When I went into the fridge to get the kale and sausage I saw a bottle of white wine and some leftover cream, that’s how the cream sauce idea was created. Then, I got over-excited and cooked the pasta too early. So there I was with cooked pasta getting mushy and sticking to itself with another 30 or 40 minutes until Joe would be home. I turned the oven on low, mixed the pasta into the sauce, added some parmesan cheese and extra cream, put the skillet in the oven and went back to reading my book.
When he got home dinner was warm, creamy, cheesy and ready to eat. I think the dish benefited from my impatience. It allowed all the ingredients and flavors to fully incorporate and baking a pasta dish never makes it worse.

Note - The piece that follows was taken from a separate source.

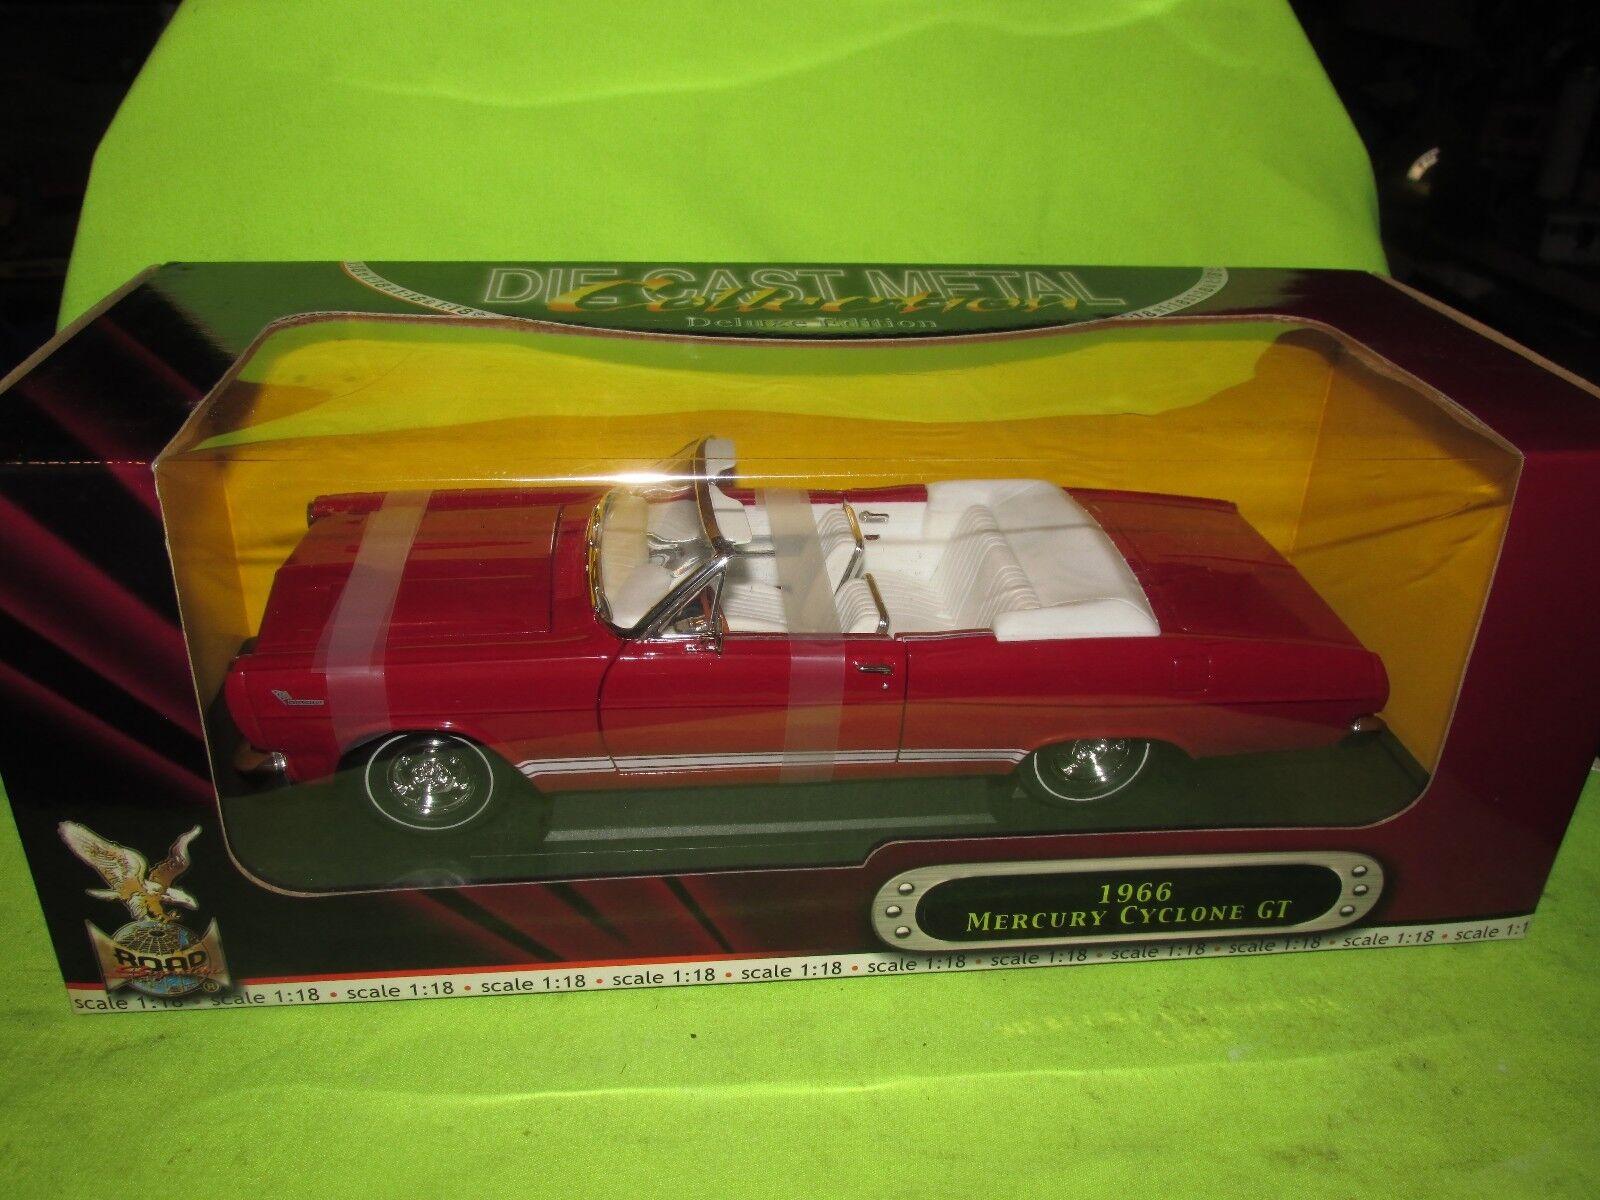 66 Zyklon Gt Mercury 1964 1 18 Rot Yat Ming Road Signature Deluxe

You could totally make this dish without baking it. You could also increase the temperature to 350 degrees and bake it for less time. I think it would be great with spinach instead of kale or regular sausage instead of chicken sausage as well. I used Aidells Chicken & Apple Sausages that are already fully cooked, so if you use other sausage be sure to allow it to cook all the way through before adding the cream and wine.
- 3 tablespoons olive oil
- 3 garlic cloves, minced
- 2 shallots, sliced
- 2 chicken sausage, halved lengthwise and sliced ¼ inch thick
- ¾ + cup cream
- 2 tablespoons white wine
- ½ cup water
- 2 white mushrooms, sliced
- 1 bunch of kale, torn or coarsely chopped
- ¼ cup freshly grated parmesan cheese, plus extra for serving
- 10 ounces radiatori
- Heat oil in a large skillet over medium-low heat. Add garlic and shallots and cook until shallots start to wilt, 3-4 minutes. Add sausage and cook until edges begin to brown, 5-6 minutes.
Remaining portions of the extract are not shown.